Ruling: The House of Lords held that for a statement to be fraudulent, it must be made with knowledge of its falsity or without belief in its truth or recklessly, without caring whether it is true or false. In this case, the directors honestly believed that the approval was a formality, so they were not found liable for fraud.
Smith v Land and House Property Corp (1884) 28 Ch D 7
Facts: The seller of a hotel described it as having a “most desirable tenant” in the sale particulars. In reality, the tenant was behind on rent and in financial difficulty. The buyer sued for misrepresentation.

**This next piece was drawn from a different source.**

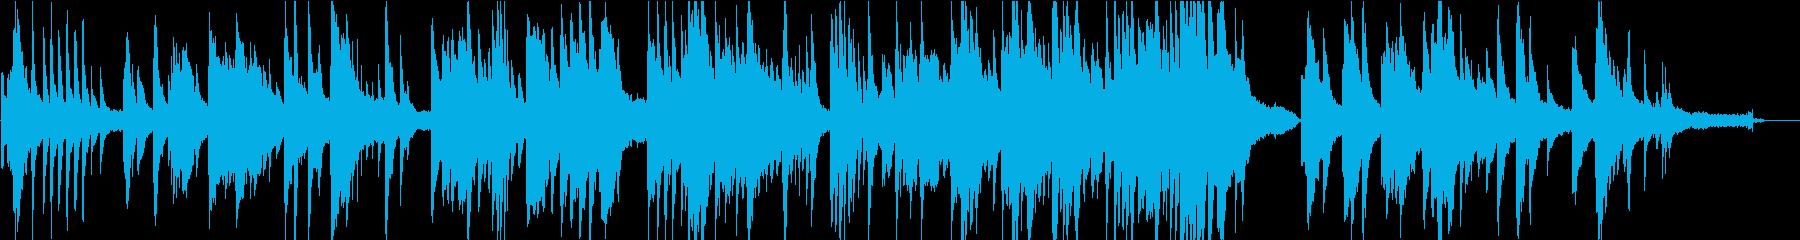 移り変わっていくものを表したピアノソロの再生済みの波形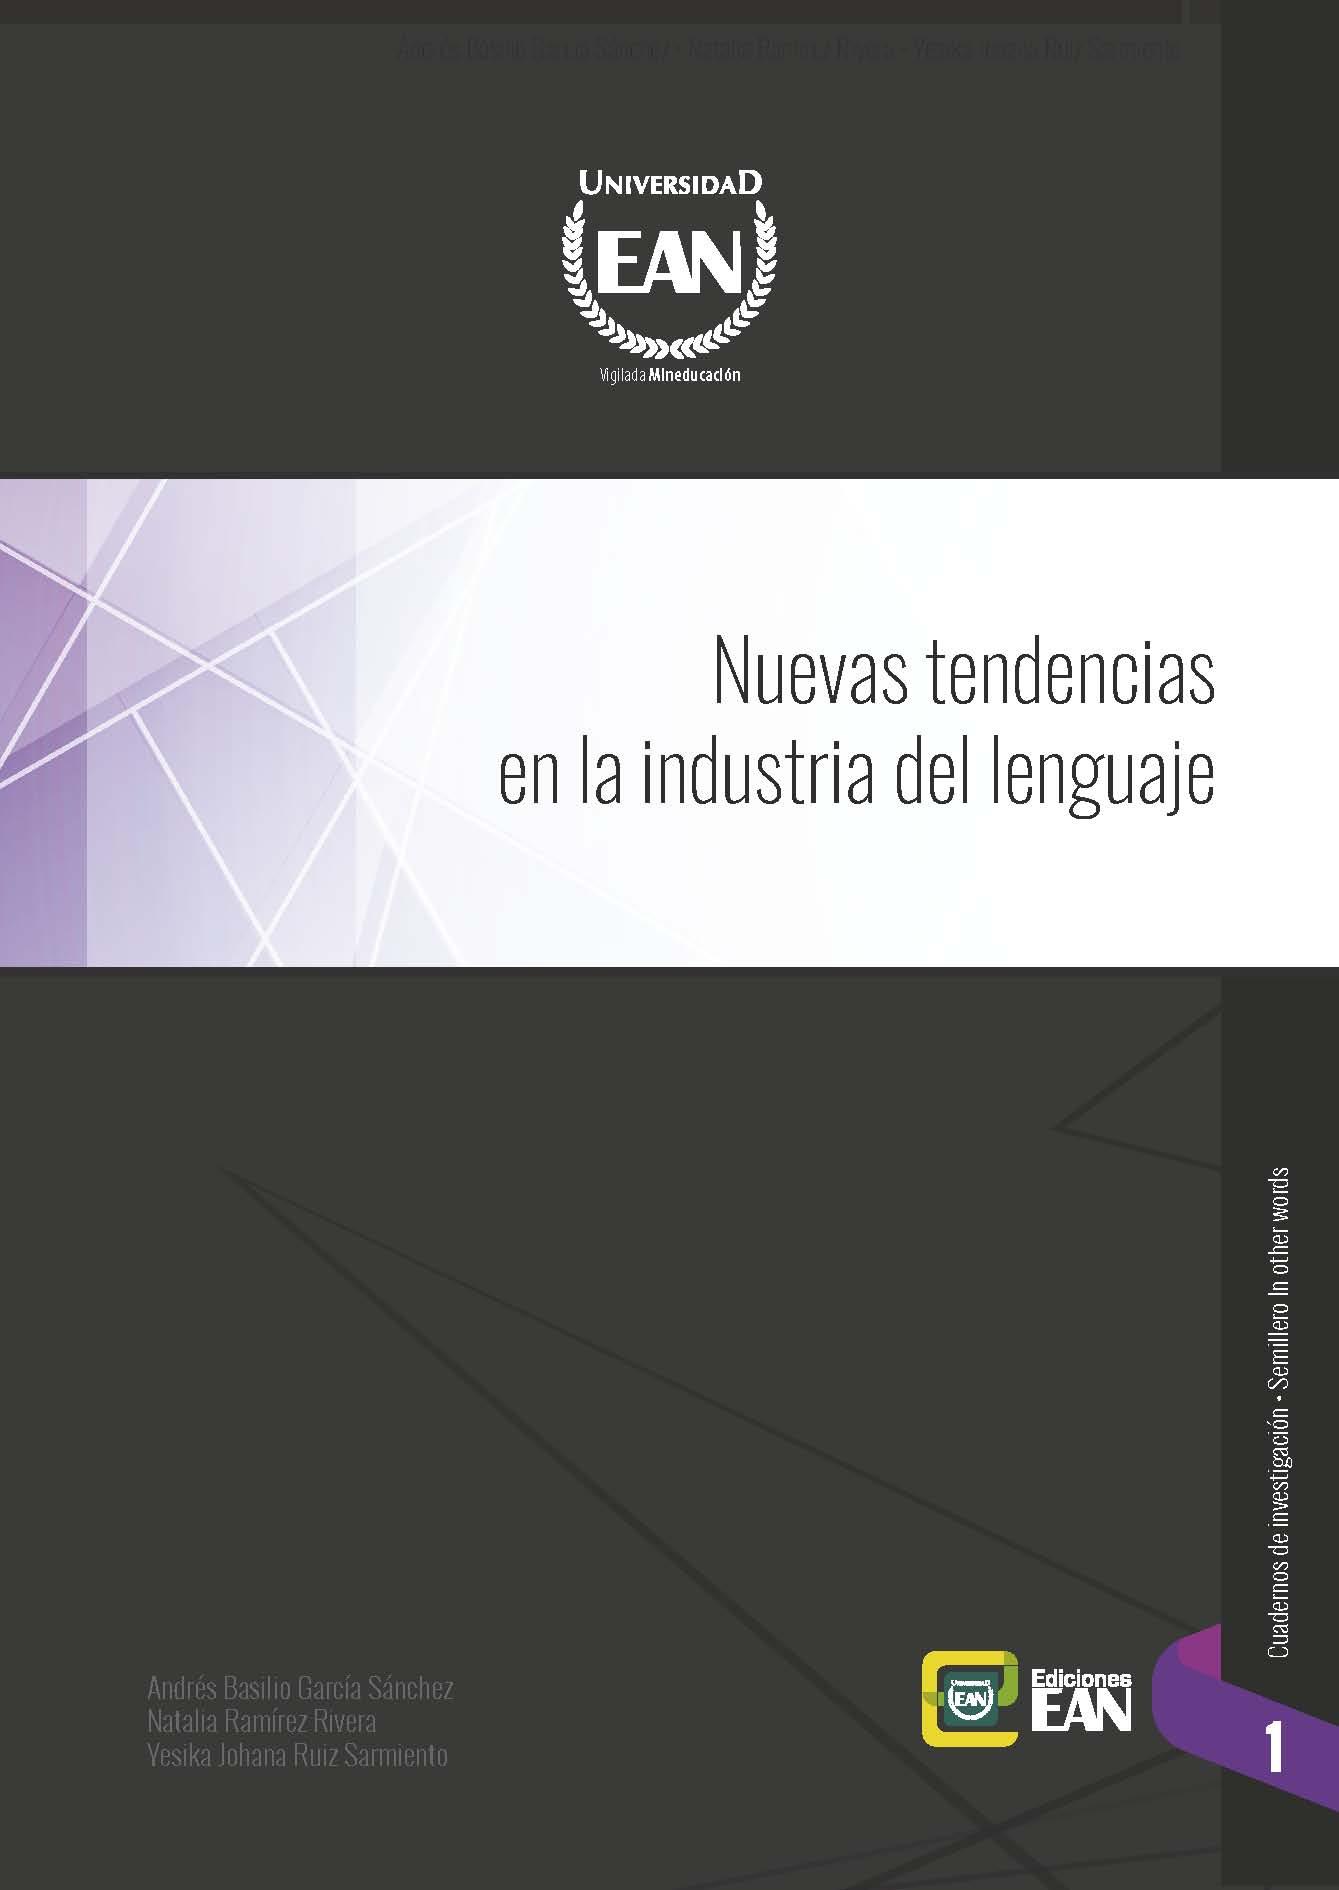 Nuevas tendencias en la industria del lenguaje

Ruling: The court held that the statement about the tenant was a statement of fact, not opinion, because the seller had more knowledge of the tenant’s financial state than the buyer. Therefore, it was a misrepresentation.
Edgington v Fitzmaurice (1885) 29 Ch D 459
Facts: The directors of a company issued a prospectus stating that the funds raised would be used to expand the business. In reality, the funds were used to pay off existing debts. A shareholder who bought shares based on this prospectus sued for fraud.
Ruling: The court found that the prospectus contained a fraudulent misrepresentation because the directors never intended to use the money as stated. The directors’ false representation of their intention amounted to fraud.
Is silence means fraud?
Sometimes, if parties enter into a contract and one party remains silent about certain terms of the contract with the intent to deceive the other party, this silence can constitute fraud
- General rule: A mere silence as to the fact which is to influence the party to enter into a contract is not termed as fraud. (A mere silence doesn’t amount to fraud).
- Exception: Where silence is for the purpose of deceiving the truth of inducing a party to the contract therefore there is fraud.
So fraud may become deceptive in some certain cases as follows;
Duty to Speak
The first case is when the person keeping silent is under a duty to speak.
The duty to speak arises when one contracting party responds‟ trust and confidence in others.
Silence in some circumstances may be interpreted as fraud where there is a fiduciary relationship where one of the parties is in a position to dominate the other such as advocate and client.
The client depends on the advocates if the advocates ask questions and don’t answer for the purpose of deceiving then it amounts to fraud.